Но главное — не будем забывать: за особенной чеховской формой стоит особая концепция жизни и человека. " Пусть на сцене все будет так же сложно и так же вместе с тем просто, как и в жизни, — говорил Чехов. — Люди обедают, только обедают, а в это время слагается их счастье и разбиваются их жизни".

ОСОБЕННОСТЬ ДРАМАТУРГИЧЕСКОГО КОНФЛИКТА. Начнем с бросаю­щегося в глаза: как строятся диалоги в " Вишневом саде"? Не традиционно, когда реплика является ответом на предыдущую и требует ответа в следующей реплике. Чаще всего писатель воспро­изводит неупорядоченный разговор (взять хотя бы беспорядочный хор реплик и восклицаний сразу по приезде Раневской со стан­ции). Персонажи как бы не слышат друг друга, а если слушают, то отвечают невпопад (Дуняше — Аня, Лопахину- Раневская и Гаев, Пете — все остальные, кроме Ани, да и та реагирует явно не на смысл, а на звучание Петиных монологов: " Как хорошо вы говорите!.. (В восторге.) Как хорошо вы сказали! ").

Что стоит за таким строением диалогов? Стремление к больше­му правдоподобию (показать, как бывает в жизни)? Да, но не только это. Разобщенность, самопоглощенность, неумение встать на точку зрения другого — это видит и показывает в общении людей Чехов.

Опять-таки споря с предшественниками, Чехов-драматург совсем отказывается от внешней интриги, борьбы группы персо­нажей вокруг чего-либо (например, наследства, передачи денег кому-то, разрешения или запрета на замужество или женитьбу и т.п.).

Характер конфликта, расстановка персонажей в его пьесе со­всем иные, о чем будет сказано дальше. Каждый эпизод — не ступенька в разворачивании интриги; эпизоды заполнены обыден­ными, внешне бессвязными разговорами, мелочами быта, незна­чительными подробностями, но при этом окрашены единым настроением, которое затем переходит в другое. Не от интриги к интриге, а скорее от настроения к настроению разворачивается пьеса, и здесь уместна аналогия с бессюжетным музыкальным произведением.

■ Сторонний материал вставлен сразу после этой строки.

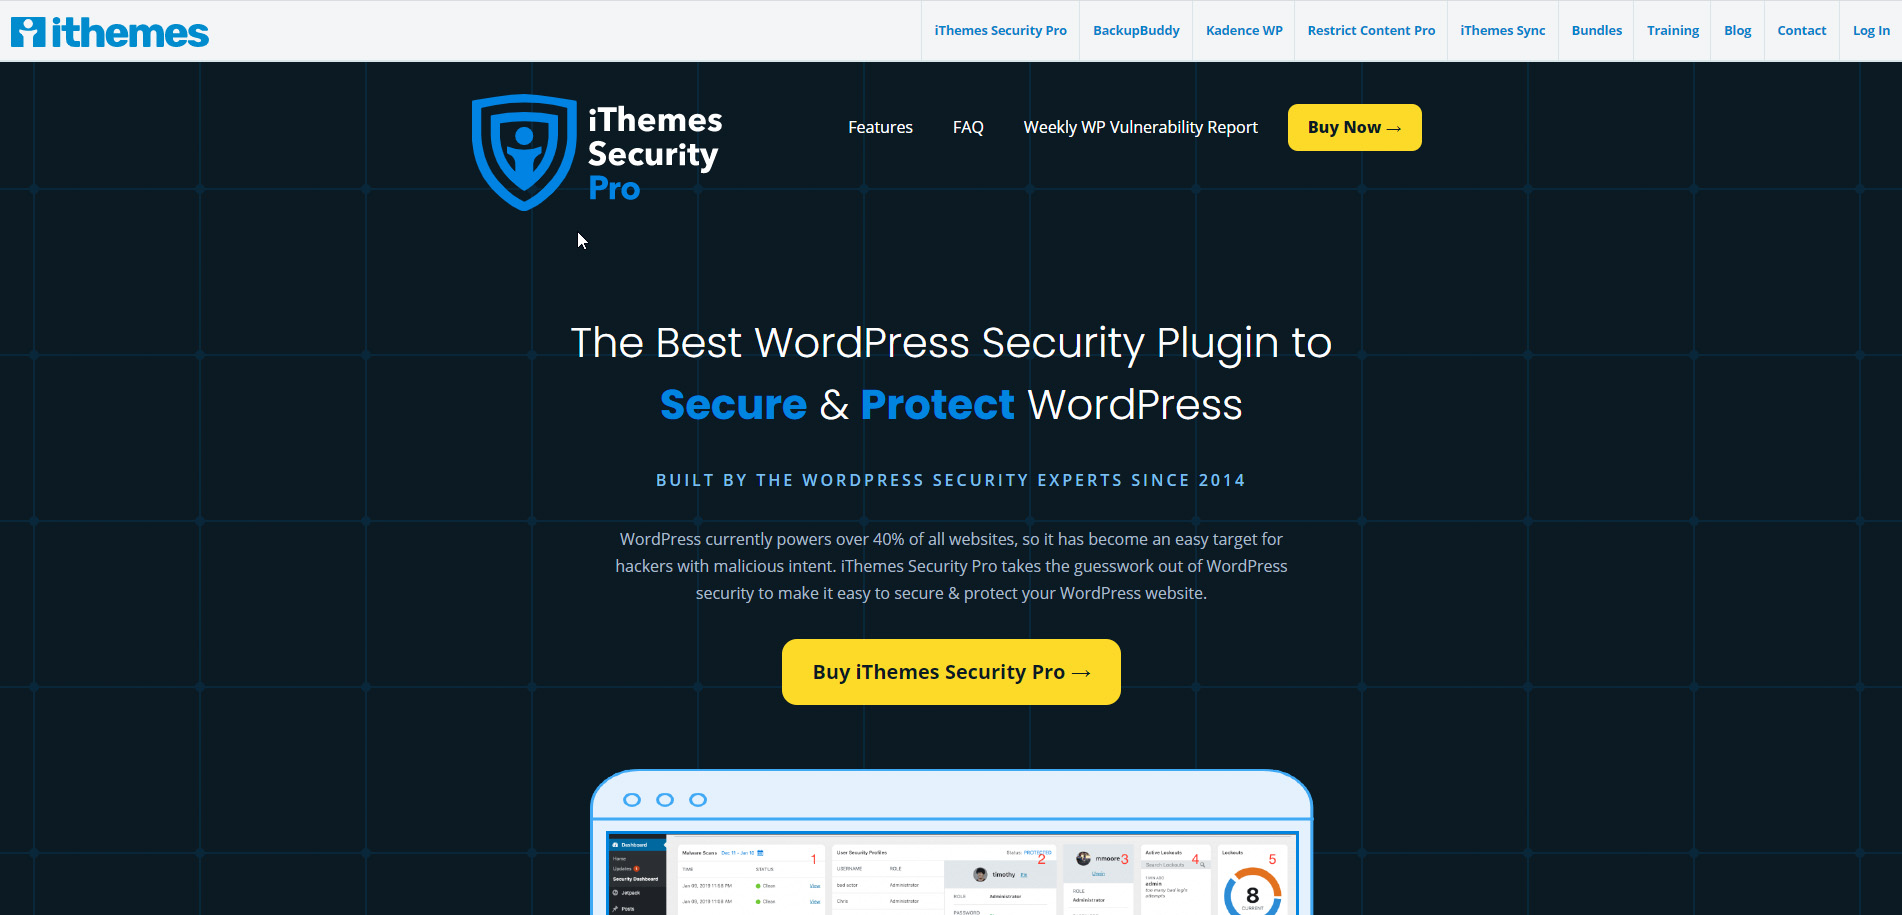 The iThemes Security Pro

Интриги нет, но в чем тогда состоит событие — то, без чего не может быть драматического произведения? Событие, о котором больше всего говорят, — продажа имения на торгах — происходит не на сцене. Начиная с " Чайки" и даже раньше, с " Иванова", Чехов последовательно проводит этот прием — увести основное " происшествие" за сцену, оставив лишь отсветы его, отголоски в речах действующих лиц. Невидимые (зрителем), внесценические события и персонажи (в " Вишневом саде" это ярославская тетуш­ка, парижский любовник, дочь Пищика Дашенька и др.) по-

своему важны в пьесе. Но их отсутствие на сцене подчеркивает, что для автора они лишь фон, повод, сопутствующее обстоятель­ство того, что является основным. При видимом отсутствии традиционного внешнего " действия" у Чехова, как всегда, бога­тое, непрерывное и напряженное внутреннее действие.

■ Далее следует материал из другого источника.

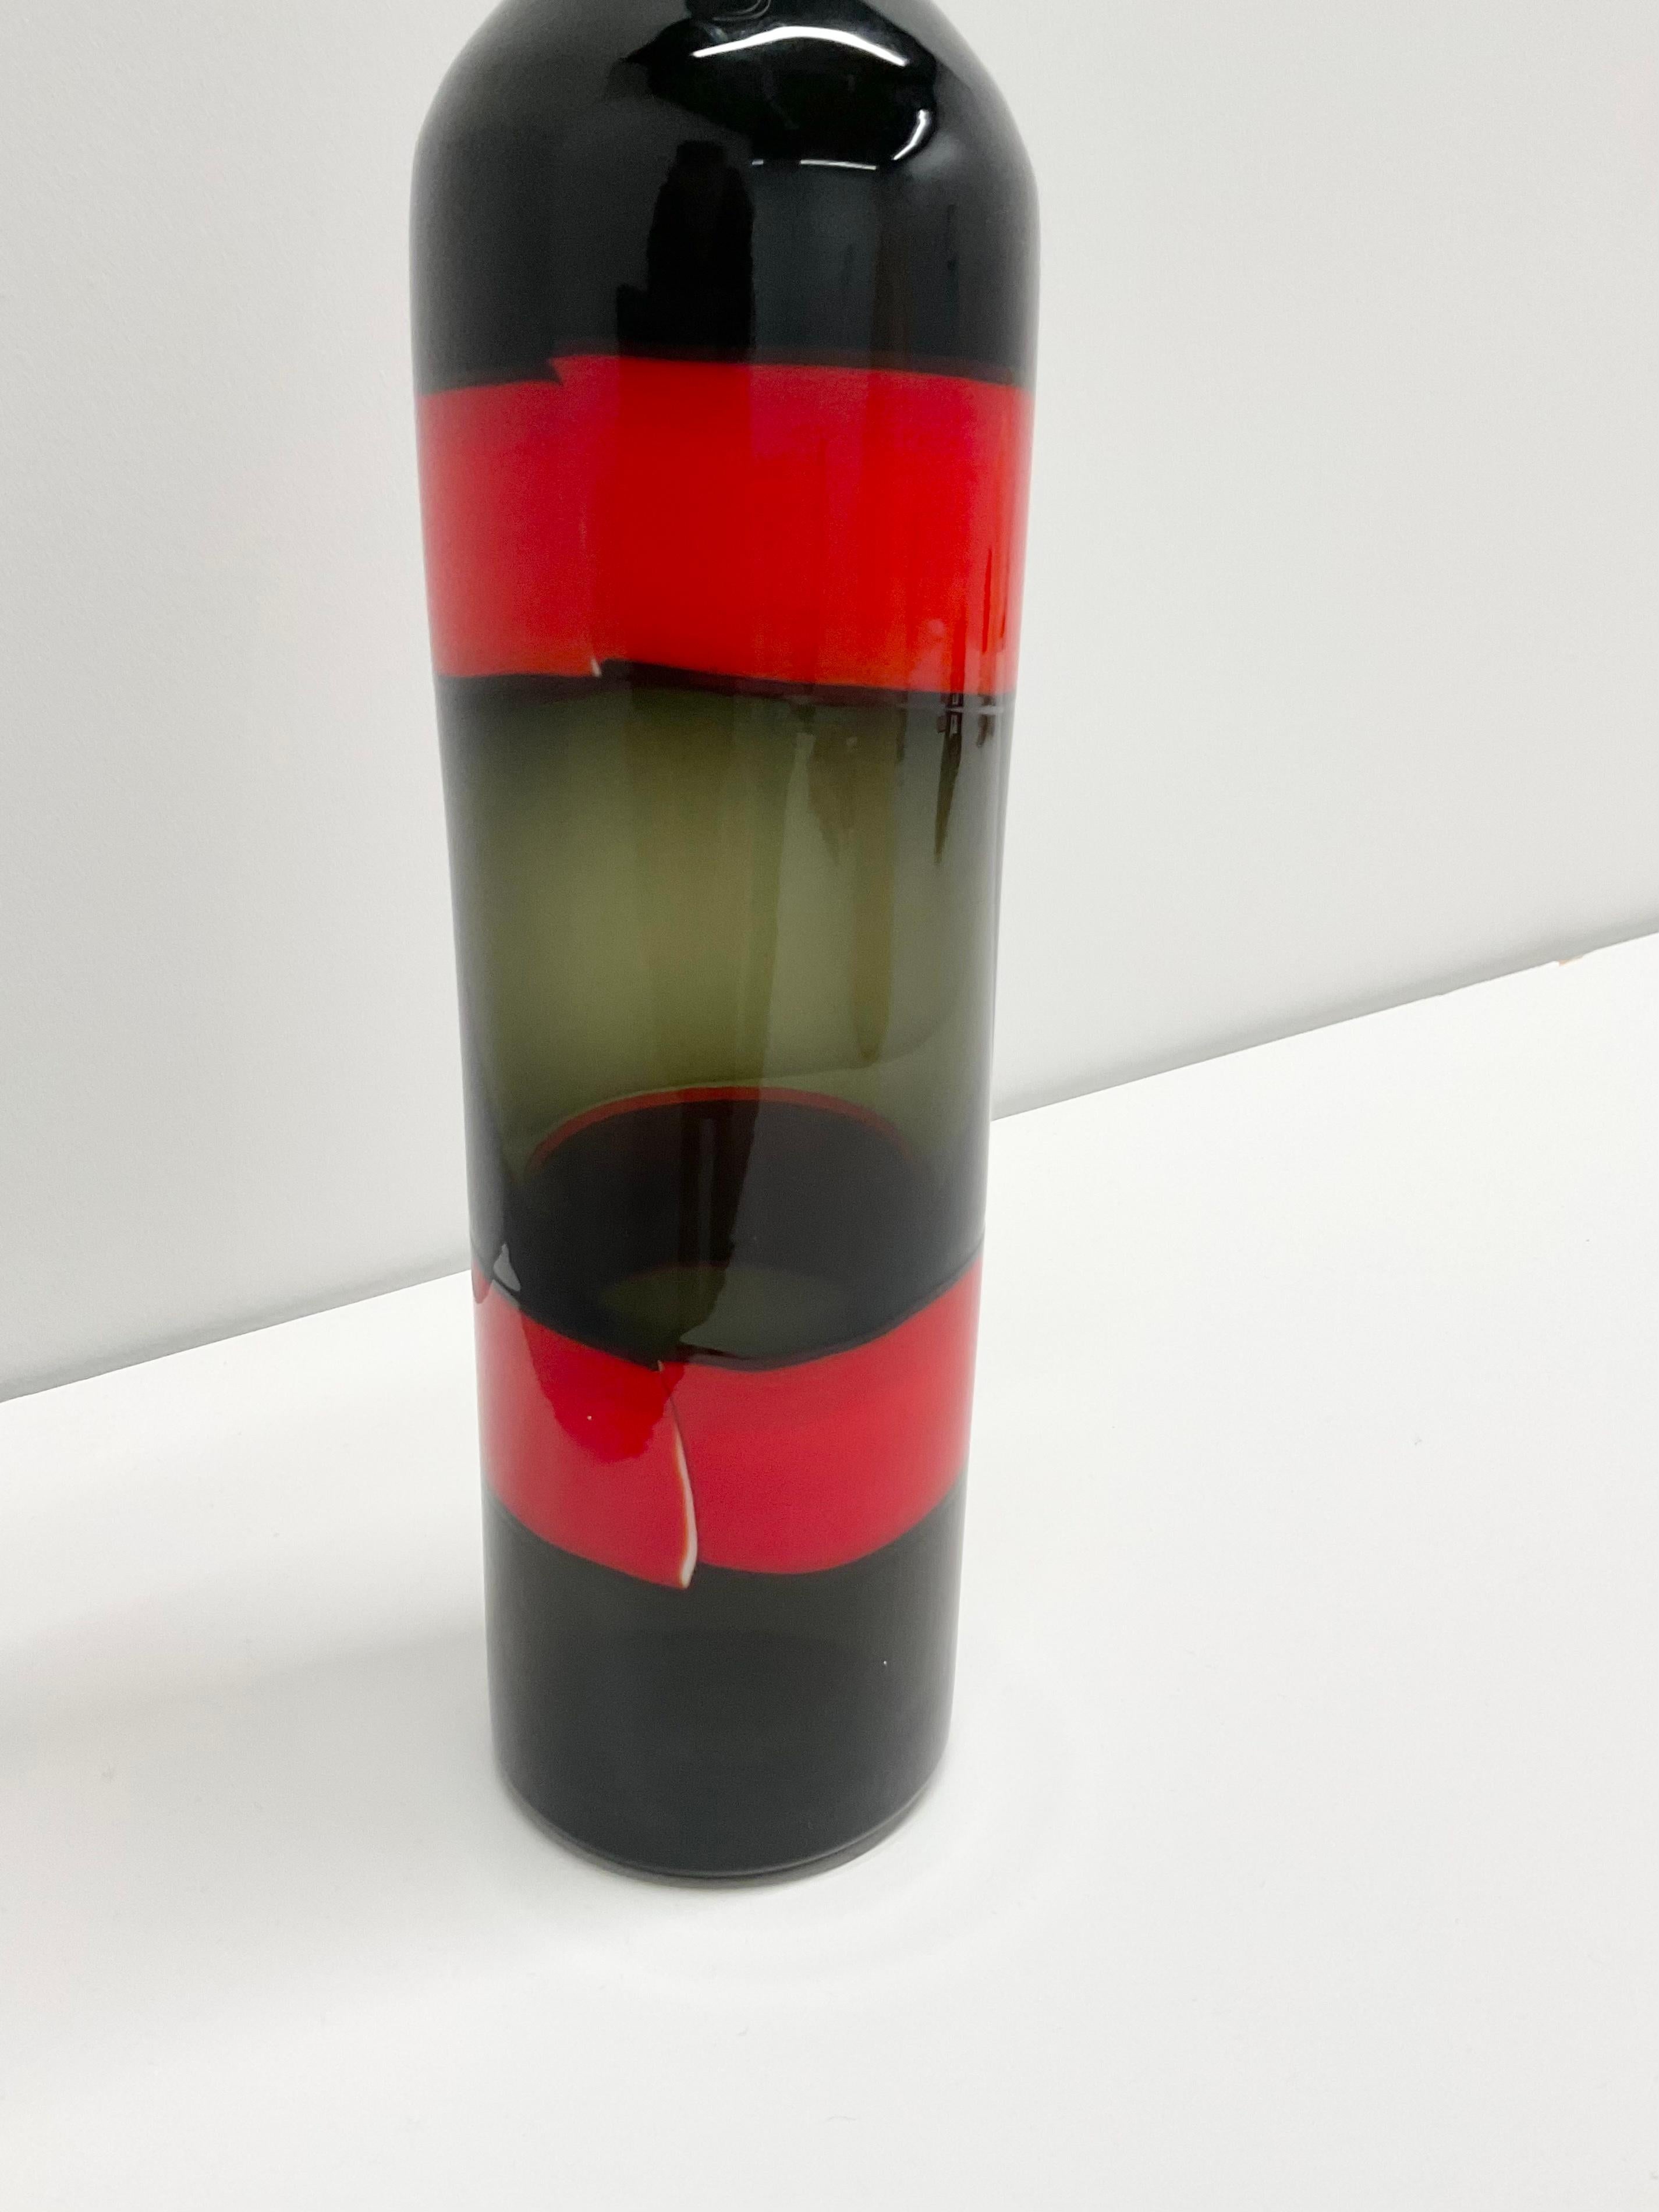 Polychromed Fasce “Orizzontali” Stoppered Bottle by Fulvio Bianconi, 1960s For Sale

Главные события происходят как бы в сознании персонажей: открытие нового или цепляние за привычные стереотипы, пони­мание или непонимание — " движение и перемещение представле­ний", если употребить формулу Осипа Мандельштама. В резуль­тате этого движения и перемещения представлений (событий невидимых, но вполне реальных) разбиваются или складываются чьи-то судьбы, утрачиваются или возникают надежды, удается или не получается любовь...

Эти значительные в жизни каждого человека события обнару­живаются не в эффектных жестах, поступках (все бьющее на эффект Чехов последовательно подает в ироничном свете), а в скромных, будничных, обыденных проявлениях. Отсутствует их подчеркивание, искусственное привлечение к ним внимания, из текста многое уходит в подтекст. " Подводное течение" — так в Художественном театре называли это характерное для чеховских пьес развитие действия. Например, в первом действии Аня и Варя говорят вначале о том, заплачено ли за имение, затем — собирается ли Лопахин сделать Варе предложение, затем — о брошке в виде пчелки. Аня отвечает печально: " Это мама купи­ла". Печально — так как обе почувствовали безнадежность того основного, от чего зависит их судьба.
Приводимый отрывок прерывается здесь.